== Segment start ==

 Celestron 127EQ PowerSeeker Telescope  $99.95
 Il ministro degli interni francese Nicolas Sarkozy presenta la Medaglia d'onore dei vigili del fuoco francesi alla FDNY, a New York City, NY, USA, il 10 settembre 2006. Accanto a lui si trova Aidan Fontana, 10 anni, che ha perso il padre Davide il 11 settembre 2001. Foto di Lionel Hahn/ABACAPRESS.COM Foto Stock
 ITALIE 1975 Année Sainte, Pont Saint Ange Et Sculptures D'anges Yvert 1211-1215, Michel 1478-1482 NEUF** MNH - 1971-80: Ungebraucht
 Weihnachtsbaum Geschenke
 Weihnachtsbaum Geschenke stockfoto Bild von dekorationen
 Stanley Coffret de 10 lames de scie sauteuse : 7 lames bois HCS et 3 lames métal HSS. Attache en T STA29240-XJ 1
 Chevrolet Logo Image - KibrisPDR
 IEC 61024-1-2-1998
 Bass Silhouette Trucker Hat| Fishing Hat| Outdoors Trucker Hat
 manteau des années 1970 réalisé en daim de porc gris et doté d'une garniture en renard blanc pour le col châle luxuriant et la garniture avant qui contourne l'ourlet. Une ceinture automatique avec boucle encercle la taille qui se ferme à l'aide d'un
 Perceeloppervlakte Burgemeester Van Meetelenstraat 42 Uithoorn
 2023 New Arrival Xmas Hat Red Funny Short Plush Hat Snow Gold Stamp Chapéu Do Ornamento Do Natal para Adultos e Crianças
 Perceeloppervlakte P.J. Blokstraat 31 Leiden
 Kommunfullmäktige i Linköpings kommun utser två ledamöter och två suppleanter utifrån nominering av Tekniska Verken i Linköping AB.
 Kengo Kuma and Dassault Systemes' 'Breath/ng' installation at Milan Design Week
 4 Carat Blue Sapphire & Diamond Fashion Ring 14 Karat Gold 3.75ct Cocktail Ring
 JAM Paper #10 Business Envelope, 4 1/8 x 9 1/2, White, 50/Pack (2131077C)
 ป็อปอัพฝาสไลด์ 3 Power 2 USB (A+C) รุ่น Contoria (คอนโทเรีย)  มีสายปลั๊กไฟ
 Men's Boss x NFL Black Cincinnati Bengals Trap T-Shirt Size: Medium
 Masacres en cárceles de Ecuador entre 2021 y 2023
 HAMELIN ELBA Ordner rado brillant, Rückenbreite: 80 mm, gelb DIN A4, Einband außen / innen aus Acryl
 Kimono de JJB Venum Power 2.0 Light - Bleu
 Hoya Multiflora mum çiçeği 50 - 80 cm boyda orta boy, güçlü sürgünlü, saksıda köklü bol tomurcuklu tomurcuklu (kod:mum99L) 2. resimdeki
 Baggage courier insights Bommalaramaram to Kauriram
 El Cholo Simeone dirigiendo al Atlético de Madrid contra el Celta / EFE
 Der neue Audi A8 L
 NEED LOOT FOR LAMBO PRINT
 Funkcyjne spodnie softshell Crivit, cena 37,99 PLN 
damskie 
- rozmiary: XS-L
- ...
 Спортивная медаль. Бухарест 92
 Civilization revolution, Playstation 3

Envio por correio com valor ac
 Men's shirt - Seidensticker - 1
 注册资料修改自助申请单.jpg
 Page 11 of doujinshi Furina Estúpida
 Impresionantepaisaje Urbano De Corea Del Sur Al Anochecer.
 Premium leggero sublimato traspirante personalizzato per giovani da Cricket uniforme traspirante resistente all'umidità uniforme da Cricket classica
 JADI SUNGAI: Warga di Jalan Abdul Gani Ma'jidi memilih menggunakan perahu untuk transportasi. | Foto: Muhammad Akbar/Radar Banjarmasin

== Segment end ==

### Assigned task
Return exactly, and only, the lines above starting at the line that contains "Hoya Multiflora mum" and ending at the line that contains "Der neue Audi A8 L".

### Answer to this task
 Hoya Multiflora mum çiçeği 50 - 80 cm boyda orta boy, güçlü sürgünlü, saksıda köklü bol tomurcuklu tomurcuklu (kod:mum99L) 2. resimdeki
 Baggage courier insights Bommalaramaram to Kauriram
 El Cholo Simeone dirigiendo al Atlético de Madrid contra el Celta / EFE
 Der neue Audi A8 L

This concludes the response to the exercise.